In the live illustration below, we have 1000 cases from the Census data portal. A student (Aloysius) has grouped the data by Sex12 and computed an aggregate value: the mean income. He concludes that women make more than men because their mean income is nearly 1.9 million dollars while the men make only about 1.6 million.13

Aloysius should notice that the numbers are ridiculous and that something serious is wrong. He should immediately try to figure out how this bogus number appeared. Which leads to the second big mistake: Aloysius should have made a graph first in order to get a feel for the data. So do the following in the live illustration:

  1. Make a graph of Sex by Income. Notice the huge stack of points at a high value.
  2. Select one of those points and look at the table.

You’ll see that some people have incomes of $9,999,999. In fact, if you look further, you’ll see that many of them are children.

What’s going on? The Census data uses that number, 9999999 as their code for “missing.” You could just select them and hide them or set them aside. But let’s actually change them to missing.
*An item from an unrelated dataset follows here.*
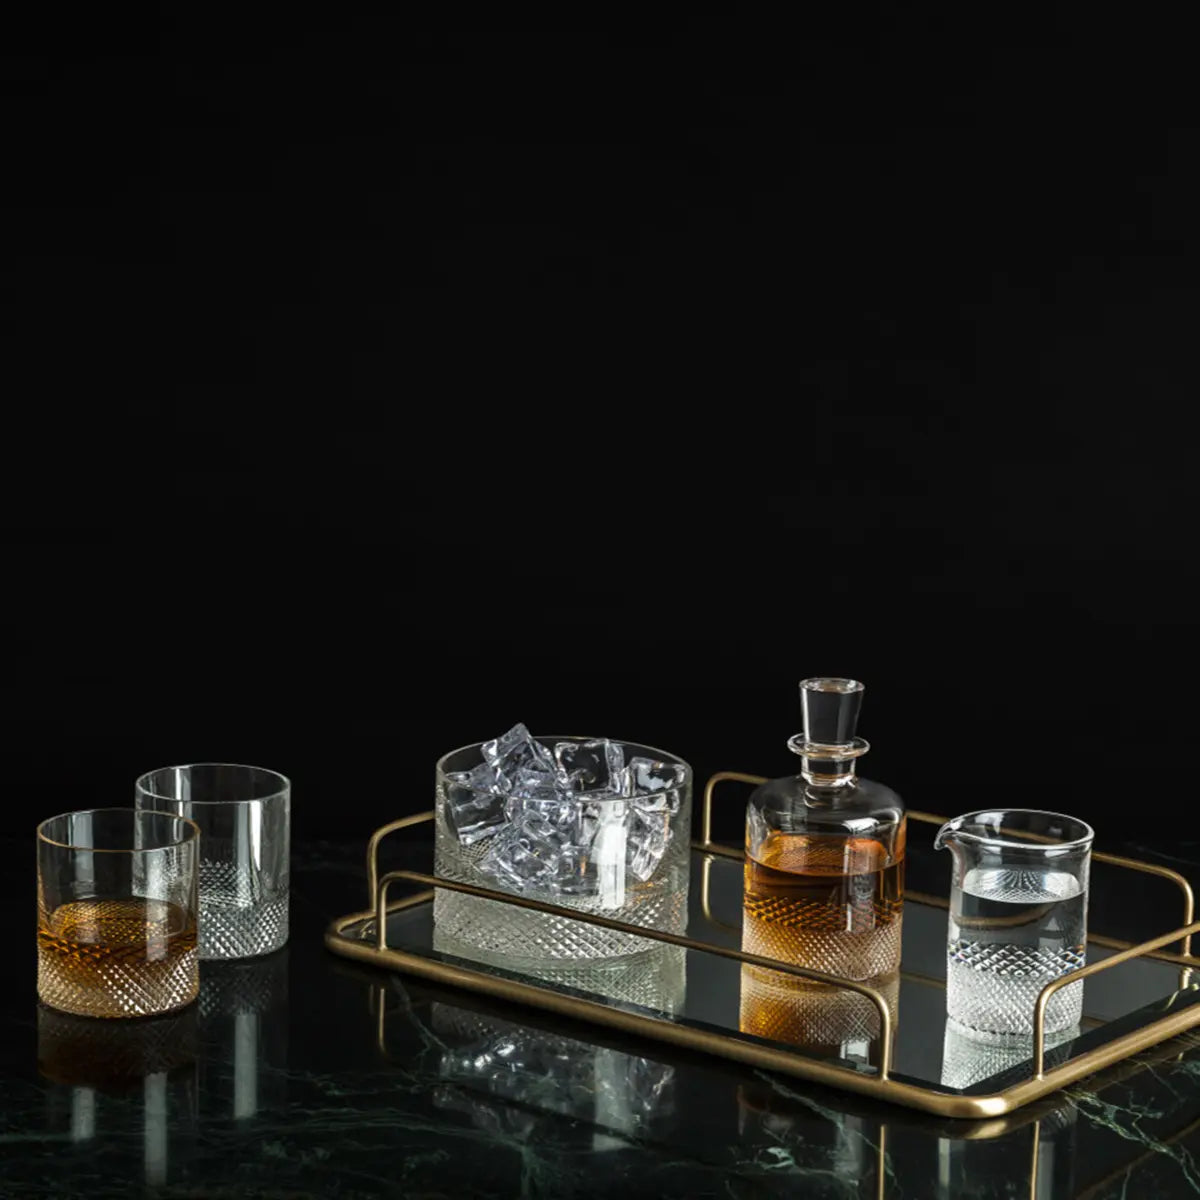 Richard Brendon Diamond Ice Bucket in a black room with a tray and other glassware

There are two basic strategies: do it in CODAP or do it elsewhere. Let’s do CODAP first. We want to change all of those 9999999s at the same time:

  1. Drag Income to the far, far left, making a new level of hierarchy. We seldom group by a numeric value, but this is a perfect time to do so.
  2. Find the 9999999 value, and edit it (double click) to be…nothing. Empty.
  3. Drag Income back to the far right. Presto! Reasonable values! (Men’s mean is $47077.74; women get $28249.67)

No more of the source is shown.